I long for a culturally relevant church. I don’t understand why cross-cultural missionaries attempt to understand culture to present the gospel within it, while churches in the developed world tend to simply withdraw from their own culture, often condemning its evils. Unfortunately for them, our culture is filled with people who need to see real Christianity in action — they’ve seen enough caricatures of Christianity already. Being culturally relevant in the early 21st century means understanding -gasp!- postmodernism.

So quoth I almost two weeks ago in this post, which I recommend reading if you haven’t yet. (The post has also been republished at emergingchurch.info.) This was point number five of nine, and I am continuing to elaborate on them one and another after another and another as I continue to process their meaning.

I remember the courses I took from the missions department under Dr. Jon Bonk (a rare treat) while at college. We learned a lot about Christ and culture, and learned about how missionaries must be wary of presenting our own Western culture as though it were an integral part of the gospel. Sadly, there are ample negative examples for use as illustrations, but becoming aware of it and learning to intentionally contextualize the gospel was a major theme. We learned as well about “redemptive analogies” present in many cultures where a traditional story or practise can be used as an avenue to communicate the gospel. All of these required a thorough understanding of the culture one was attempting to reach as well as a heightened awareness of the shortcomings of our own Western culture. The term ethnocentricity was tossed around to describe the feeling that one’s own culture (or ethos) was the best, correct, most enlightened, or right one. I learned a lot about cross-cultural mission in those courses, and I suppose a lot about the gospel in the process. Why are missionaries seen as being “called to” a people and those who sit in Western pews are not normally seen as being “called” at all?

One thing that never connected for me was how or why these principles of understanding and making use of culture are not applied to the church within our own culture. Well, except to the extent that we hire youth pastors who are young and in touch with that “younger generation” that most church members just don’t understand. It’s the job of the youth pastor to bridge the generation gap and get those youth to become productive members of society — or of the church. Basically the unspoken job requirement is to take the youth and their wild ideas and mold them into the same type of people that the adults are. At our current juncture in history, the danger is that the youth pastor is doomed to fail at the unspoken (and undefined) expectation that he will take a group of postmodern youth and turn them into modern church members. If we ever decide to change the title of someone who accepts this role, we might consider “Director of Anachronism.”

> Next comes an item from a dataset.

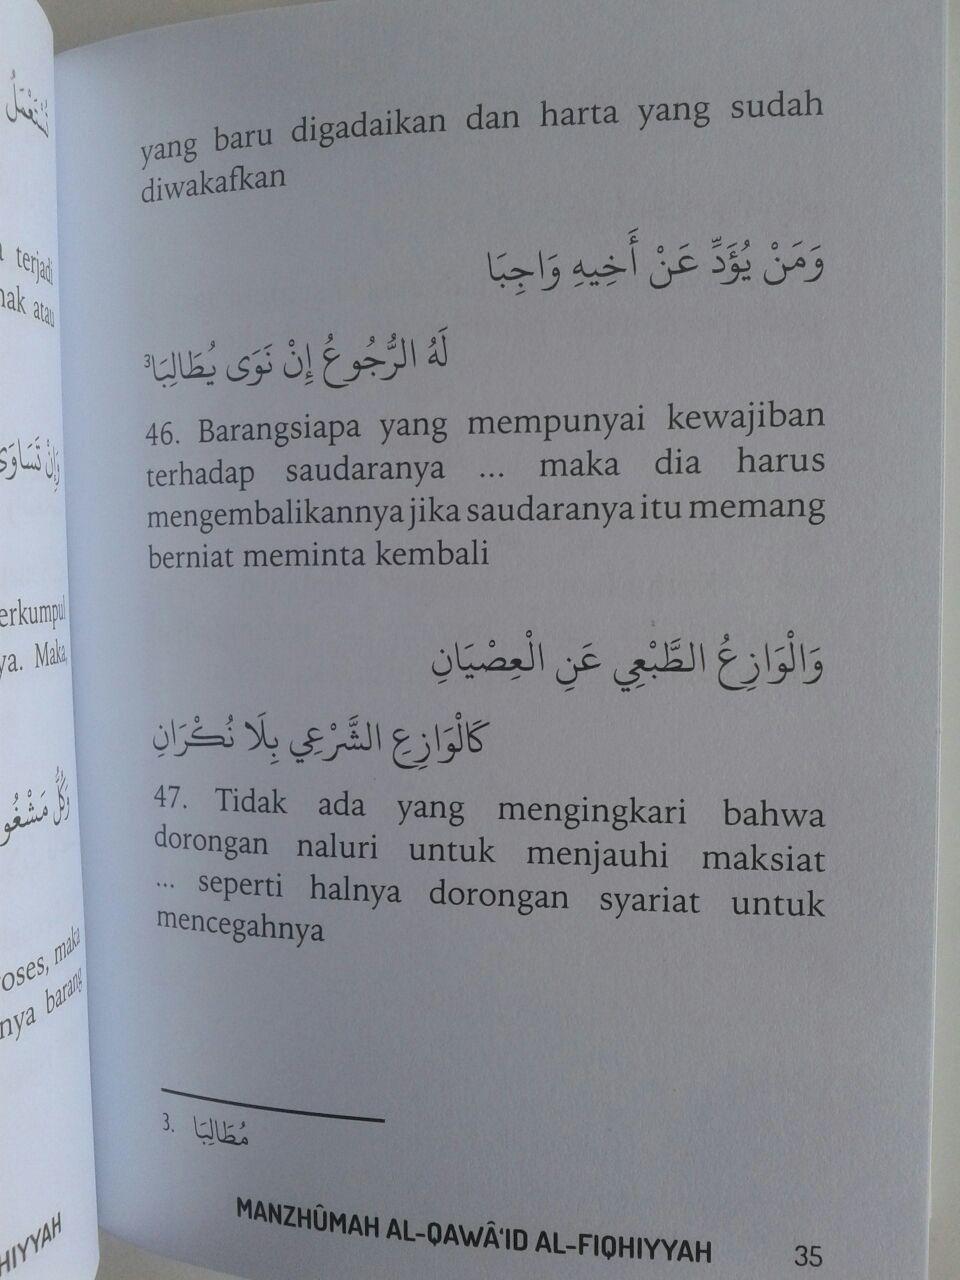 Buku Saku Manzhumah Al-Qawaid Al-Fiqhiyyah As-Sa'diy isi 4

I couldn’t begin to count the number of sermons, articles, books, and other warnings against the evils of the culture in which we live. This is true of postmodernism as well as of media culture. We’re told to be “in the world not of it” with the meaning that we shouldn’t look like everybody else or think like them. We probably shouldn’t even be able to relate to them, because if we can it proves we’re too worldly. Would a “real” Christian watch an “R” rated movie? We are fairly continually warned about our own culture, and very rarely pointed toward the opportunities our culture affords for the spread of the gospel.

I increasingly hear about people who would be or are happy to be Christians, but not happy to be part of a church that doesn’t seem relevant to them. If “church” (meaning the organization) has evolved to its perfect form at the pinnacle of modernity in the 1950s, why would we insist on camping there instead of moving into the present (and future) along with the people to whom we’re called? You know, our neighbours? Church looks increasingly out of touch with culture, the kind of place where I’d be less and less likely to want to bring someone to show them why they too might want to be a Christian. I’ve felt for some time in Church like we spent more time just talking about ourselves and all the good things we have and are rather than showing others why they’d want it too. Alan Roxburgh said it much better a few days ago:

…Alan’s call for a moratorium on talking about the church. He argued that we are talking too much about the church—and it’s a conversation not unlike that of three friends who re-united after several decades only to find that one of them finds a way to turn every conversation into a conversation about herself. So long as we keep asking church questions, Al maintains we may avoid the more challenging questions about the gospel, the Powers at work around us, real gospel involvement in the concrete realities of the immediate world around us. I heard him saying that we too often treat the gospel as a product of the church (something we control and broker) rather than the church being a product of the gospel (derived, formed, sustained, “controlled” by the gospel rather than the other way around).

Finally, I want a church that doesn’t live in fear. Fear of culture, fear of change, fear of the unknown. Fear of postmoderns. Fear of doctrinal error, fear of demons or of the Evil One, fear of not being under a “proper covering.” Fear of missing the next big thing that God does — fear of missing God. They might call it vigilance, but it looks to me like a mix of uncertainty and fear. The church I long for is one which relates to God in a natural way, trusting in his ability to lead more than in their ability to follow. It’s a church that shows its concern for the world by befriending people rather than by talking about evangelism. It’s a place that holds fast to the gospel, to Jesus, and doesn’t hold fast to the past.